Karpathy's March of Nines shows why 90% AI reliability is nowhere near enough

“When you get a demo and something works 90% of the time, it’s only the first nine.” — Andrey Karpathy

“March of the Nines” frames the common production reality: You can achieve the first 90% reliability with a robust demo, and each additional nine often requires comparable engineering efforts. For enterprise teams, the distance between “typically works” and “works as reliable software” defines adoption.

The complex math behind the March of the Nine

“Every nine is the same amount of work.” – Andrei Karpati

Complex failure of agent workflows. A typical enterprise flow might include: intent analysis, context retrieval, scheduling, one or more tool invocations, verificationformatting and audit record. If a workflow has n steps and each step succeeds with probability pend-to-end success is approx p^n.

In a 10-step business process, success is compounded by the failure of each step. As long as you don’t harden the shared dependencies, related outages (auth, rate limits, bindings) will prevail.

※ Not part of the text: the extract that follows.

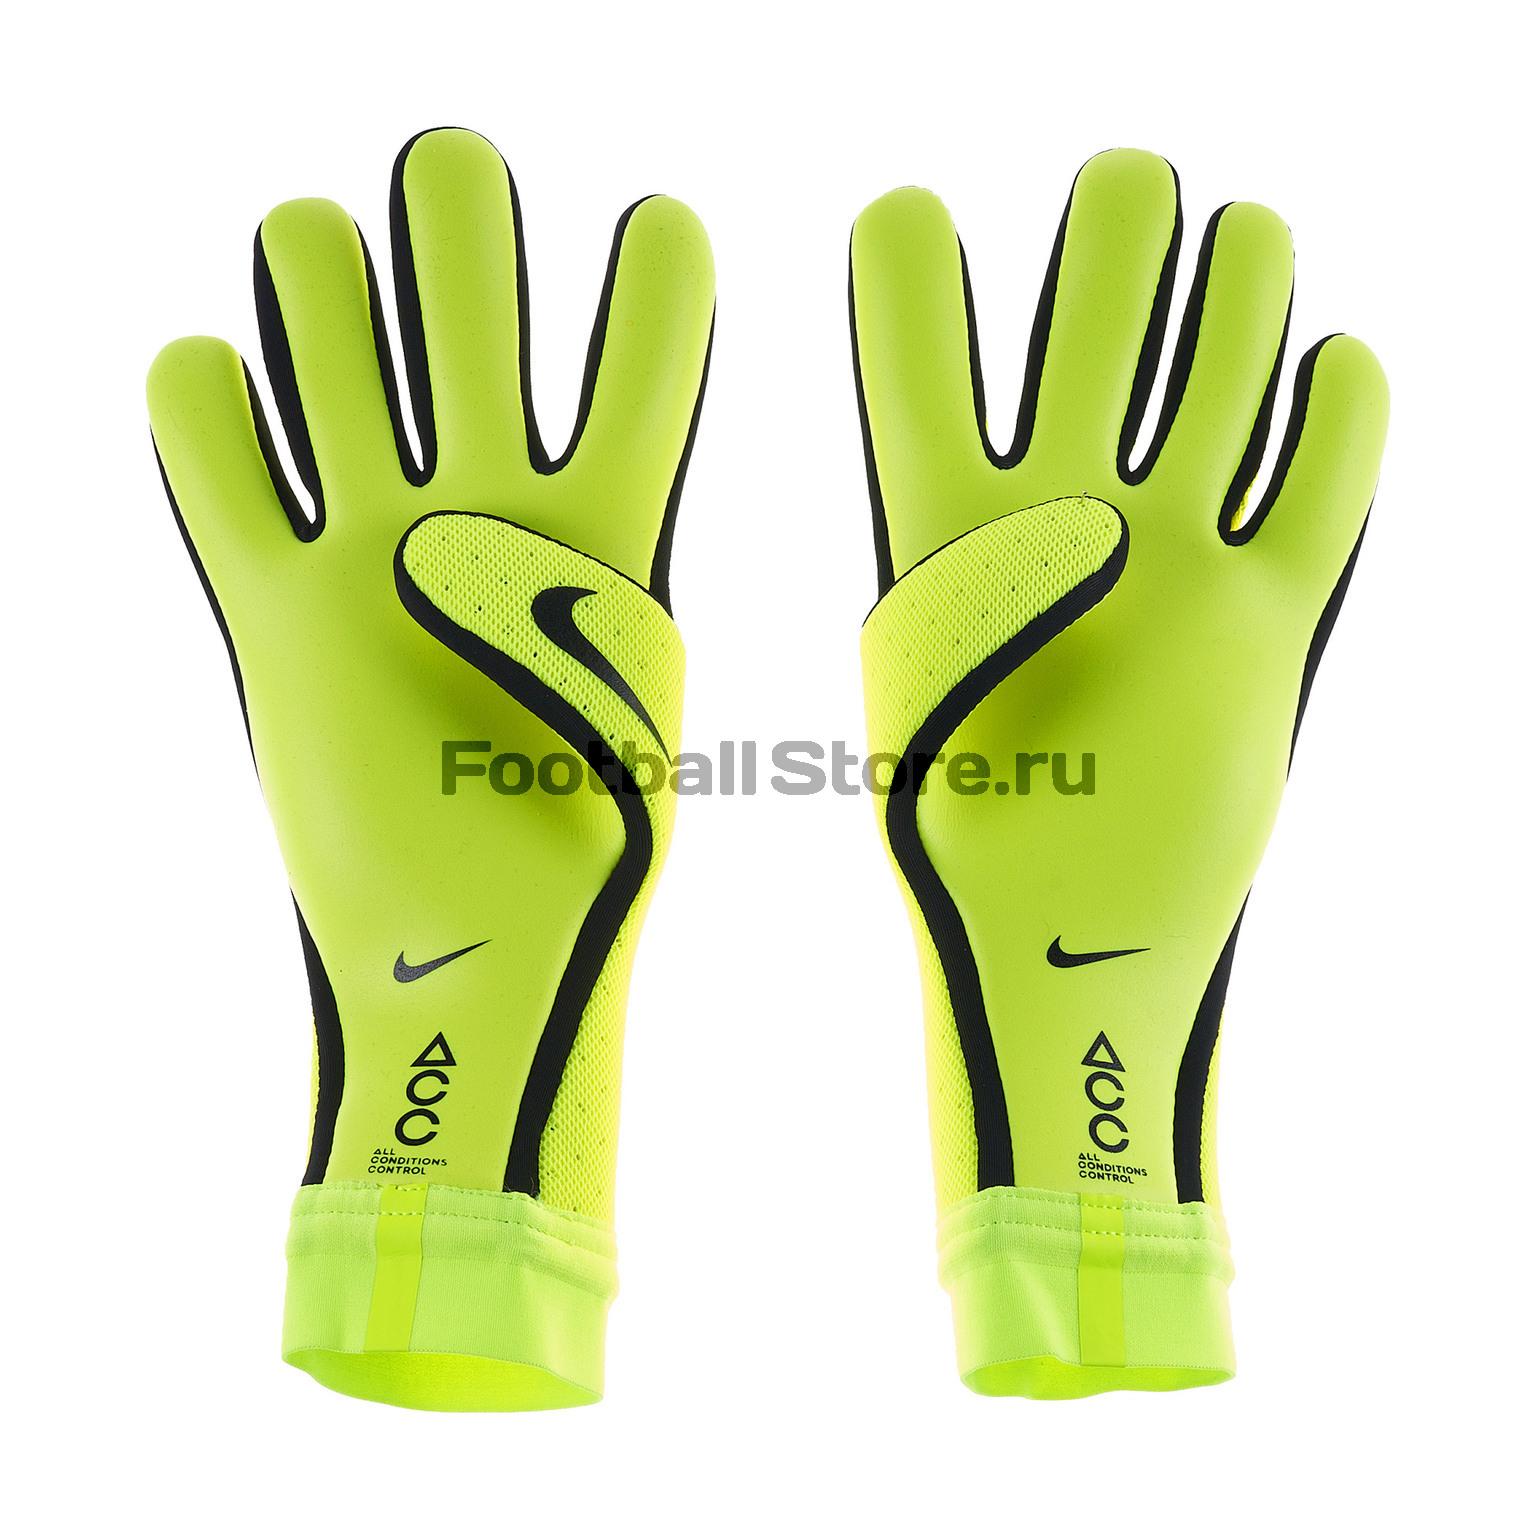 ... Перчатки вратарские Nike GK Mercurial Touch Elite GS0356-702. О ТОВАРЕ   РАСЧЕТ ДОСТАВКИ e42122420dc

Success at every step (p)	10-step success (p^10)	Workflow failure rate	10 workflows per day	What does this mean in practice?
90.00%	34.87%	65.13%	~6.5 breaks/day	Prototype area. Most workflows are interrupted
99.00%	90.44%	9.56%	~1 every 1.0 days	It’s good for demo, but in real use lags are still frequent.
99.90%	99.00%	1.00%	~1 every 10.0 days	Still, it feels insecure because misses remain common.
99.99%	99.90%	0.10%	~1 every 3.3 months	This is where it starts to feel like reliable enterprise-grade software.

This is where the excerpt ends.